UCL-CHME0039-24-25/blender_colonoscopy

blender_colonoscopy

Project 3: Using synthetic surgical data from Blender to train a polyp detection model

Project owner: Ruaridh Gollifer

Blender Randomiser Add-on tutorials on Moodle

These are the areas to focus on for the Blender part of the project:

Example of how to render data using Blender by running the run_RandomiserBlender.sh script:

bash run_RandomiserBlender.sh -blend ../../datasets/blend_files/colon.blend -json_in ../input_files/input_bounds_hackathon.json -json_out ../output_files/test_docker.json -seed 32 -frame 10 -basename ../output_files/docker_output_frame -render_main

Project details

Image Guided Surgery (IGS) researchers use machine learning in some form (registration, segmentation, stereo reconstruction, classification etc.) with polyp detection in image guided colonoscopy surgery (project 3) an example. However, often there is limited real data that can be used to train machine learning models in IGS research, and moreover any large datasets would involve extensive time consuming manual labelling from a trained clinician [1].

One potential solution to address this clinical challenge is synthetic data generation which can provide us with large amounts and a variety of realistic ground truth data, which in real data would be very challenging to generate or would involve extensive time consuming manual labelling. Blender is a free and open-source software that can be used for 3D geometry rendering. Uses include synthetic datasets generation and by creating large amounts of synthetic but realistic data, we can improve the performance of models in tasks such as polyp detection in image guided colonoscopy surgery. Synthetic data generation has other advantages since using tools like Blender gives us more control and we can generate a variety of labelled ground truth data from segmentation masks to optic flow fields. Another advantage of this approach is that often we can easily scale up our synthetic datasets by randomising parameters of the modelled 3D geometry [2].
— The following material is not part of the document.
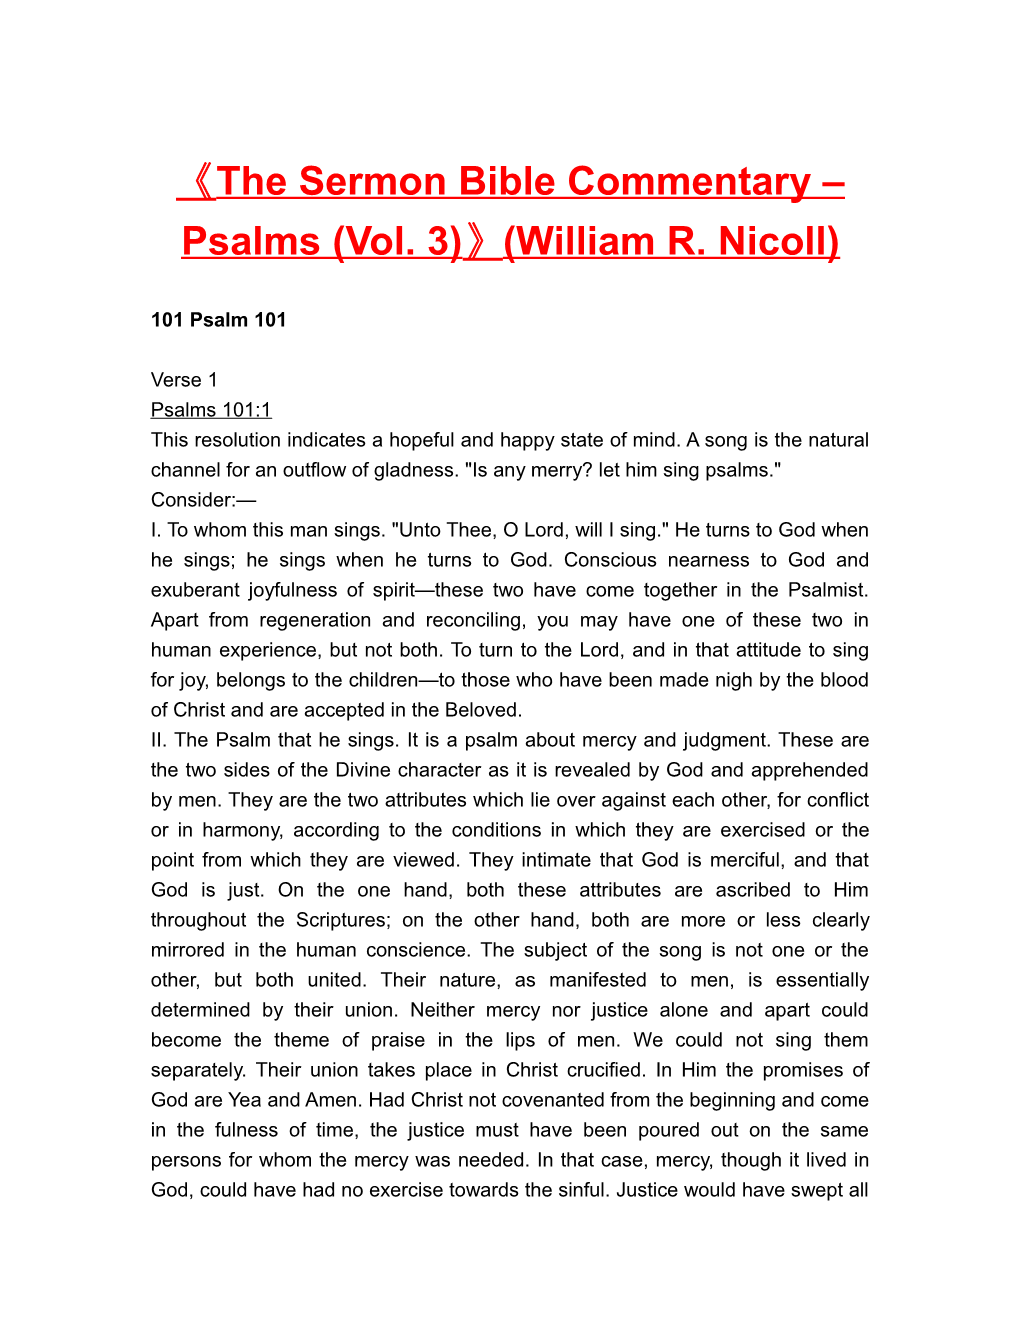 The Sermon Bible Commentary Psalms (Vol. 3) (William R. Nicoll)

This synthetic data provided may need some additional modification i.e. geometry, texture, lighting, and camera settings to make it more realistic. The challenge will be to generate synthetic data that is realistic enough to be useful for training models, while also being able to generate enough data to train the models effectively. A Blender add-on (or plug-in) developed at UCL in 2023 by a collaboration between ARC and WEISS for the purpose of data generation which would be a starting point for the project with the aim to check data quality and pre-train models for polyp detection, with performance evaluated on open-source datasets.

Learning objectives

  1. learn to practice agile software development in research
  2. learn to practice using synthetic data in applying ML techniques

Learning components

  1. Facilitating collaborative research through agile methodologies.
  2. Using GitHub workflows to do best practices in software reserach engineering.
  3. Utilising python-based programing language for data manipulation, machine learning and AI applications.
  4. Utilising python-based programing language for generating synthetic data using Blender.

Expected outcomes

  • Deliver a project consisting of four stages, and gain experience working with both synthetic data and open-source real world data. The model evalutation phase will incorporate benchmarks for pre-trained models (YoloV7 and therefore ways to improve models with synthetic data.

Project stages

The project stages include: Pre-requisites (Data, Software, and Hardware), model selection, train and evaluation, interface development and presentation.

Prerequisites

  • Skills: Students need to be comfortable (or are willing to self-teach) the following: git for version controlling and Python for data manipulation and machine learning. Blender may also be required for generating synthetic data which can be done through the Blender interface or through scripting in Python.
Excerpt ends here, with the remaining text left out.